D'une voix tramante, avec cette façon d'avaler la fin des mots propre aux Tatars, quelqu'un répondit :

- Comment ça, pas lui, pauvre crétin ! Il avait bien été dit qu'il fallait cogner celui qui viendrait accompagné d'un Chinois aux yeux bridés !

- Mais c'était pas un Chinois, c'était un Kirghize !

- Kirghize toi-même ! Comme si y en avait beaucoup, à la Khitrovka, des bridés ! Et si je m'étais trompé, c'était pas un drame. On le balançait à la flotte, et le tour était joué.

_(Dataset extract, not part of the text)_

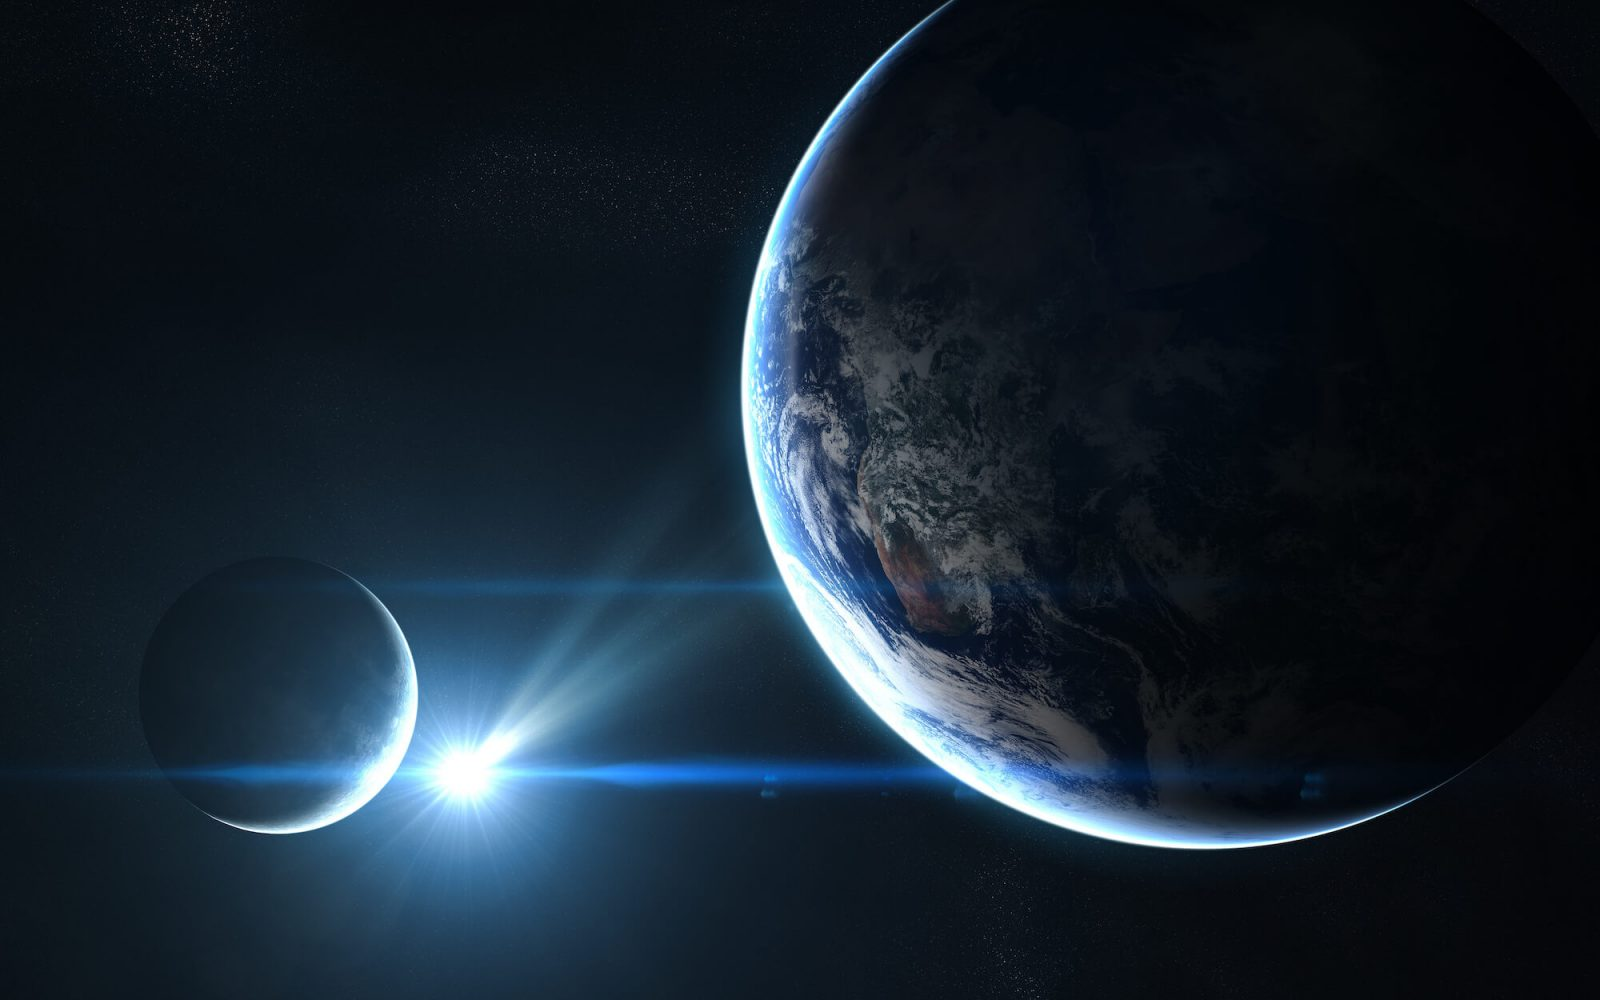 rayos láser asteroides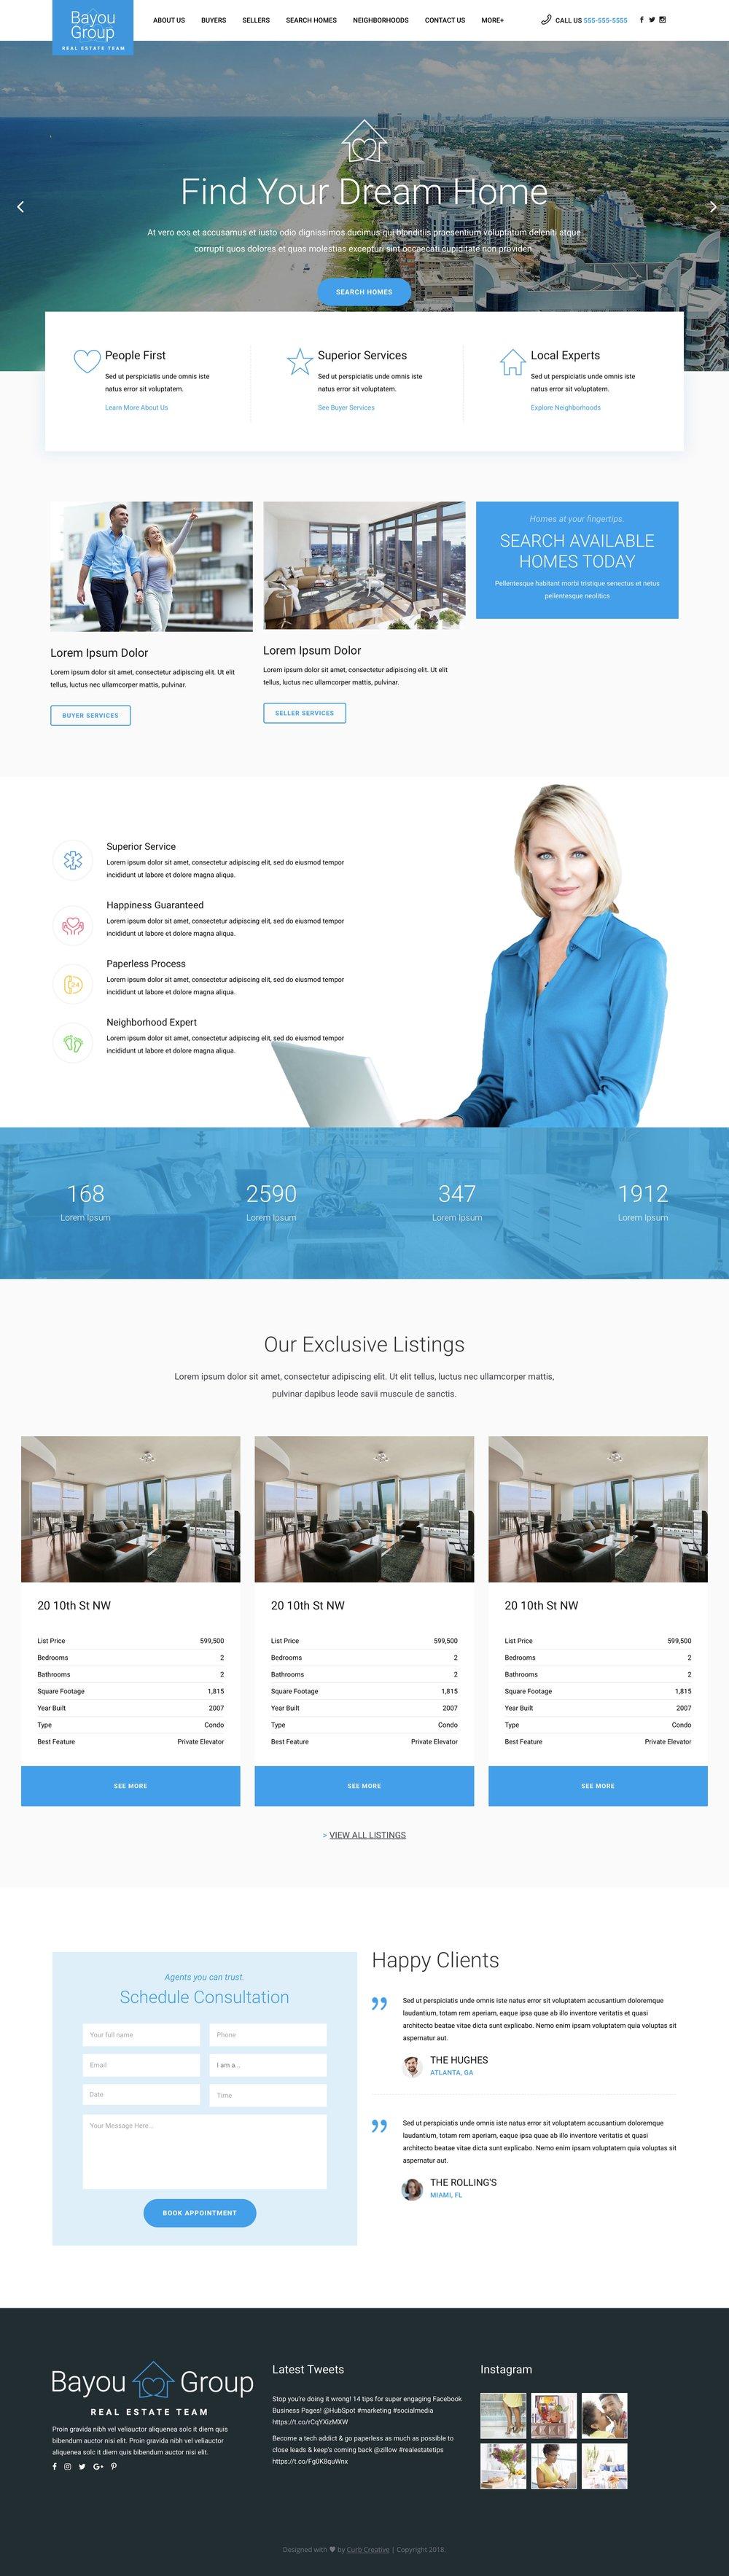 Real Estate Website_Bayou Theme.jpg

- Et Fiska, vous avez vu ? dit une troisième voix, obséquieuse mais avec une pointe d'hystérie. Sans elle, le petit vieux nous butait tous. Et toi, Micha, qui disais qu'ils allaient être deux, hein, Micha ? Mais tu vois, Micha, ils étaient trois. Et t'as vu, comme il lui a troué le bide au Quignon. Il est en train de passer, le Quignon, Micha. Il lui a cramé les tripes avec sa balle !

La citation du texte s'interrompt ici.